A video of a rotating globe is projected on the rear scrim. The mirror-like scrim also reflects the audience seated in the auditorium, populating the globe. Has Parsifal “redeemed” the world, or only those in the audience?
At the lip of the stage, Gurnemanz, Kundry, and the young boy from the opening scene stand as a nuclear family (in Wagner’s original, Kundry is to sink lifeless onto the stage.)
Moments before the end, someone began to whistle (a sign of displeasure in European theatres). Several in the house tried to “shh” him, but to no avail. There was more brief, whistling, followed by more “shhs”. When the music had died away, the boo-birds came out in force. No wall flowers, these Europeans, but then again, booing is just as acceptable as applause in Europe. They were however, drowned out by people applauding and shouting bravos. The applause went on for nine minutes, over eight and a half minutes longer than the boos.
South Korean bass Kwangchul Youn impressed as Gurnemanz.
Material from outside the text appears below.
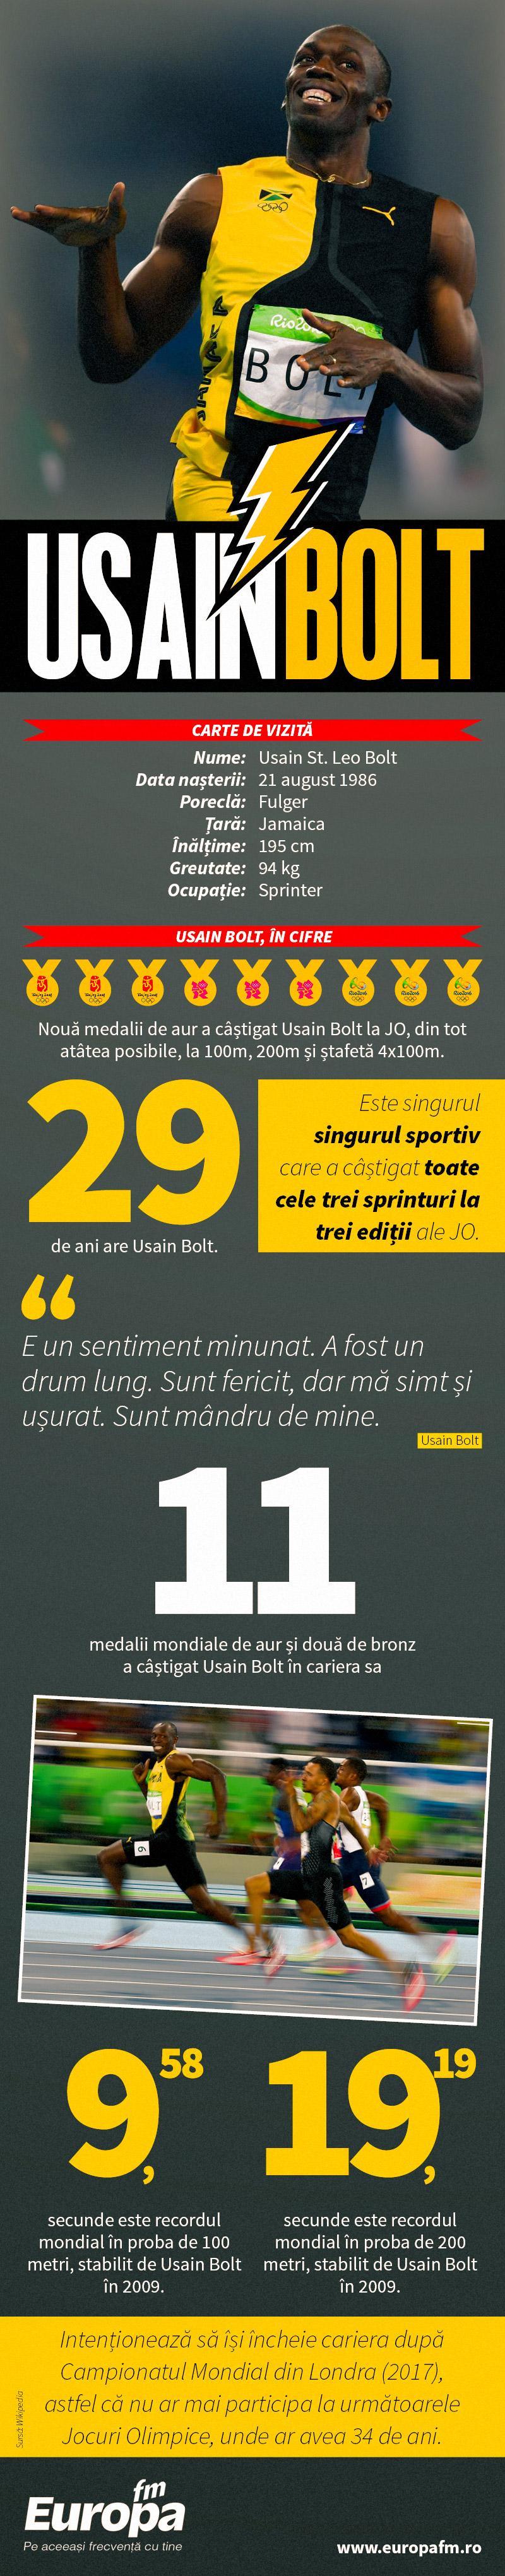 Cariera impresionantă a lui Usain Bolt în cifre - INFOGRAFIC

His is a Wagernian voice of import.
Japanese born Mihoko Fujimara was an unsensual Kundry whose top notes approached shrillness.
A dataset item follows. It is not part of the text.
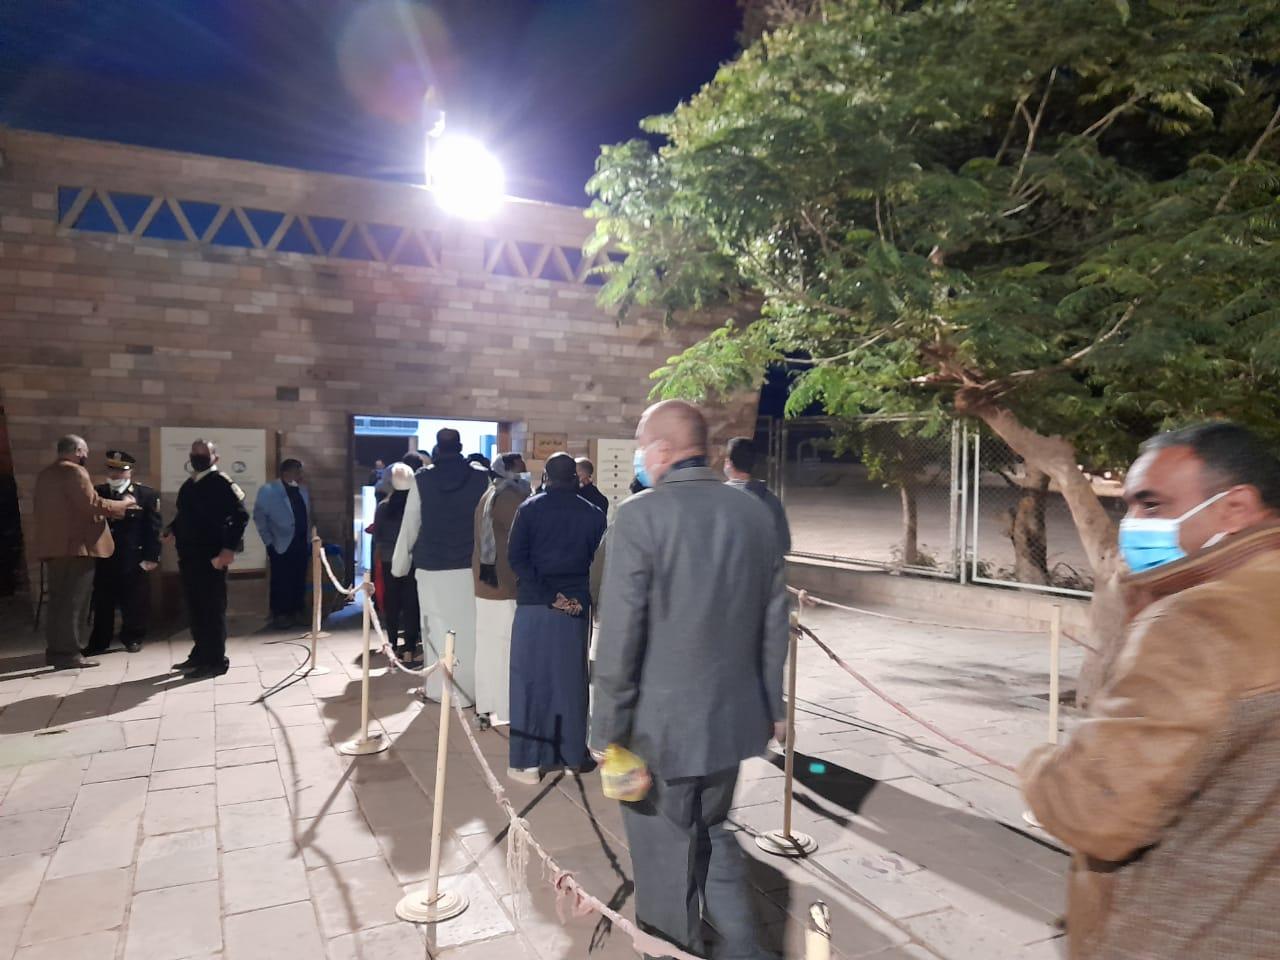 توافد الزوار على معبد أبوسمبل لحضور تعامد الشمس (2)

London born tenor Christopher Ventris captured the divisions of Parsifal from boyish kid, to maturing man, to supposed "redeemer". Vocally, he left mixed impressions: strong in Act II, though with biting timbre.
Baritone Detlef Roth, from the Schwarzwald city of Freudenstadt, and like Ventris making his Bayreuth début, carried himself well as Amfortas, though his voice was a touch narrow for the part.
Thomas Jesatko, born in Nürnberg, wasn’t quite the meistersinger as Klingsor. His blustery delivery gradually wore on the ears.
Diógenes Randes, a Brazilian bass returning to Bayreuth for the second time, was the booming voice of Titurel.
For whatever reason, the usually superb chorus was not in tip-top form this night.
In the pit, Daniele Gatti’s reading was broad, its single aim to make the music sound as beautiful as possible. Parsifal is a long play. The duration of this performance was four hours and fifteen minutes, excluding two generous intermissions during which patrons could eat dinner if they so wished. (The evening ran from 4:01 to 10:44 p.m.) Gatti drew some rich, long-breathed playing from the orchestra. The sound was full, never burdensome, though things sounded tired in spots just before the end.
As for Heike Scheele’s set, its columns could expand or detract, its walls could rotate in and out providing for an easy transformation for the Verwandlungsmusik. The colours used throughout were nothing but eye-catching.
As a matter of interest, the month long Bayreuth Festival received a total of 447,240 requests from about 80 countries for the 53,900 available tickets. Of the total number of requesters, only 12.05% of them were accorded tickets.
Next season, the Bayreuth Festival will present a new production of Lohengrin by director Hans Neuenfels.